(Available data begins)

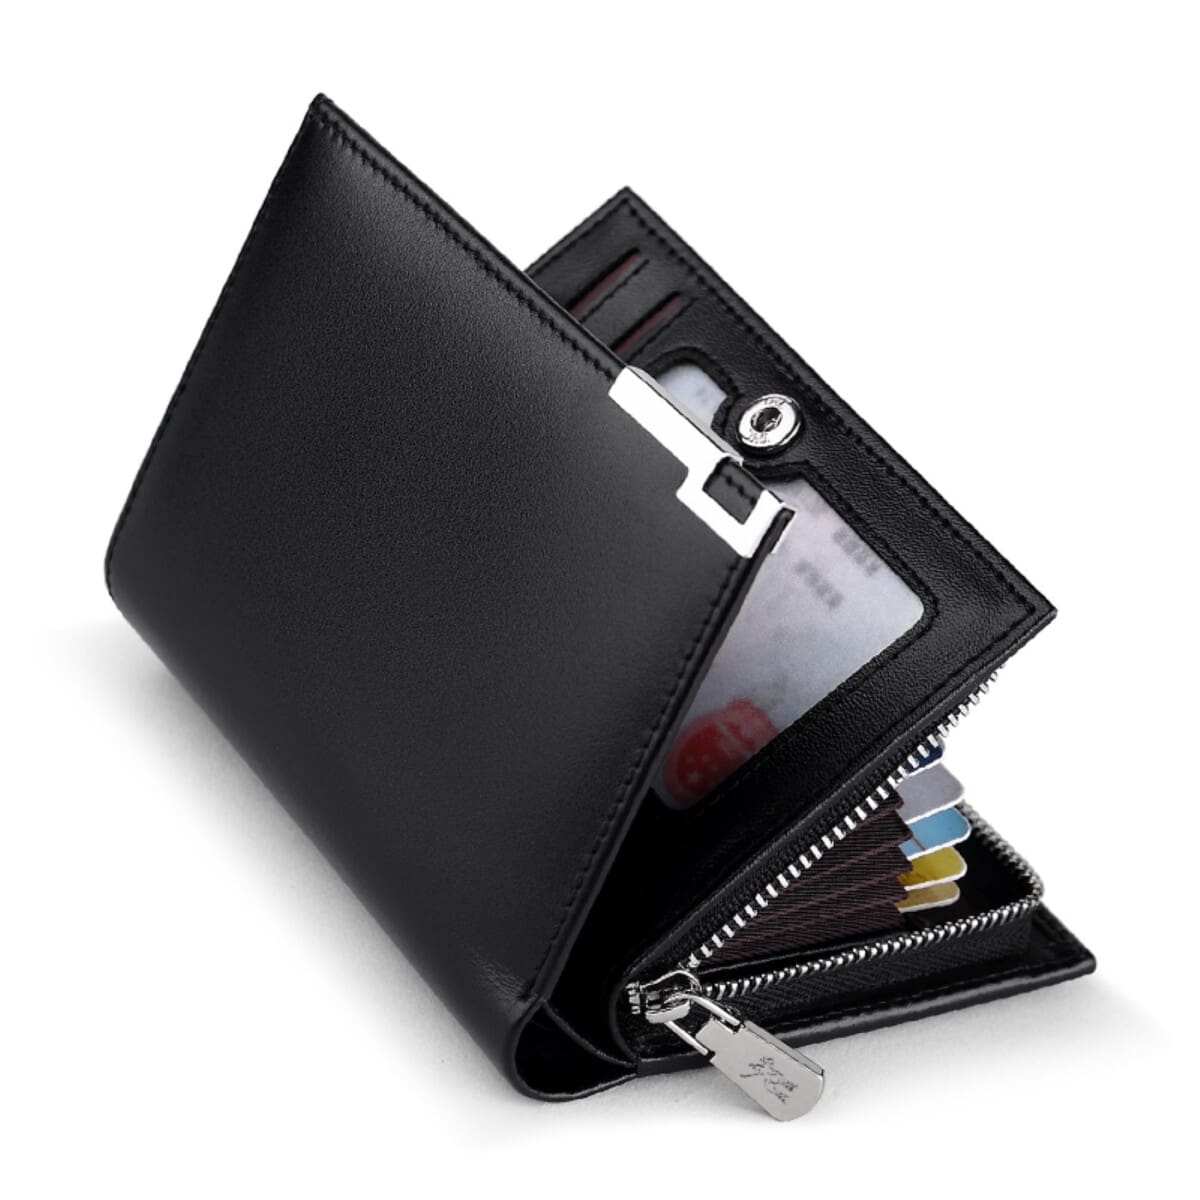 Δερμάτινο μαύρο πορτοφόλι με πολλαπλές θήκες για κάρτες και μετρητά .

(Available data ends)
(Available data begins)

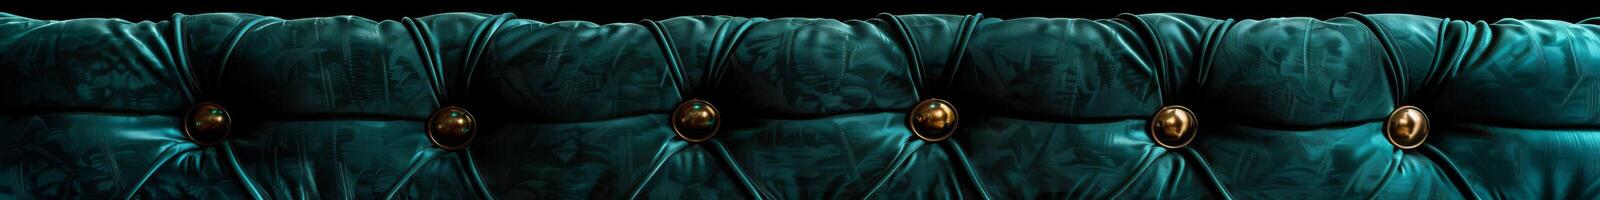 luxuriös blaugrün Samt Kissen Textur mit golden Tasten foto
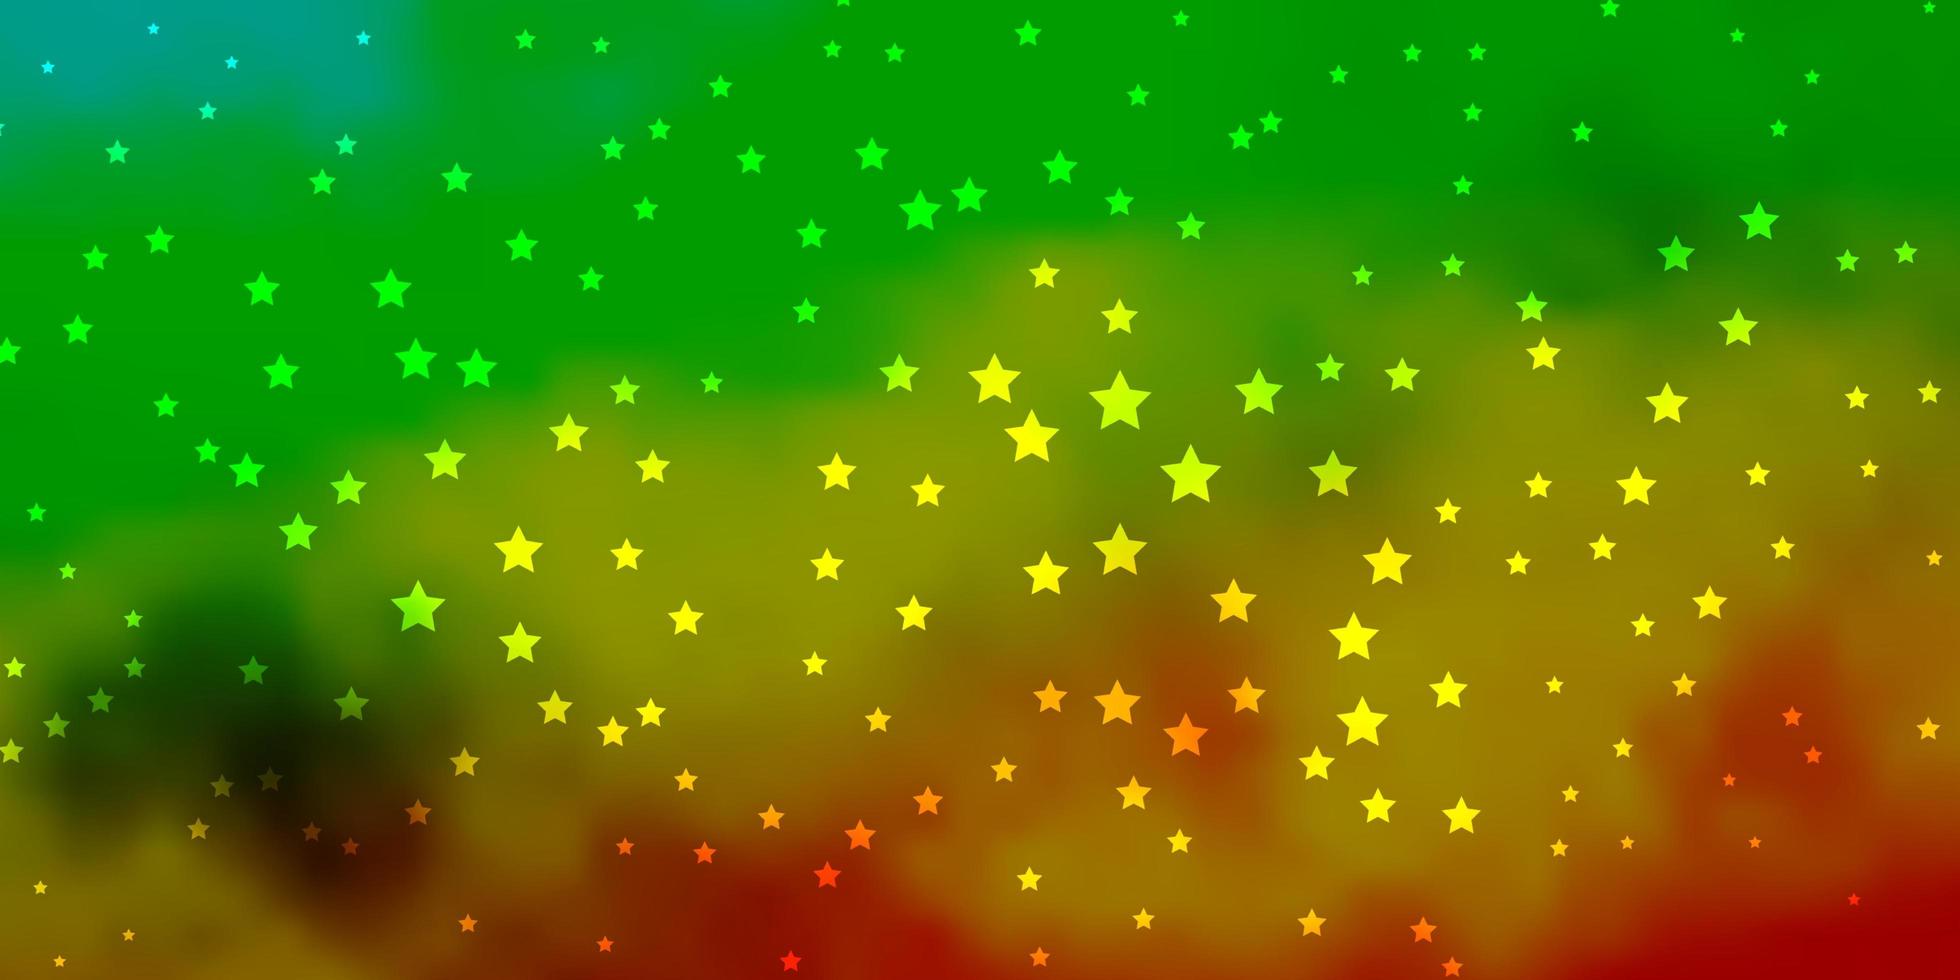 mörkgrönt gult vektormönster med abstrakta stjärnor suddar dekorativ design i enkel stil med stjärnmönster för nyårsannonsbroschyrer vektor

(Available data ends)

▶ [Problem to work on] Return only the stretch above from the line containing "luxuriös blaugrün Samt" through the line containing "mörkgrönt gult vektormönster", word for word and without pictures.

▶ [Final answer]
 luxuriös blaugrün Samt Kissen Textur mit golden Tasten foto
 mörkgrönt gult vektormönster med abstrakta stjärnor suddar dekorativ design i enkel stil med stjärnmönster för nyårsannonsbroschyrer vektor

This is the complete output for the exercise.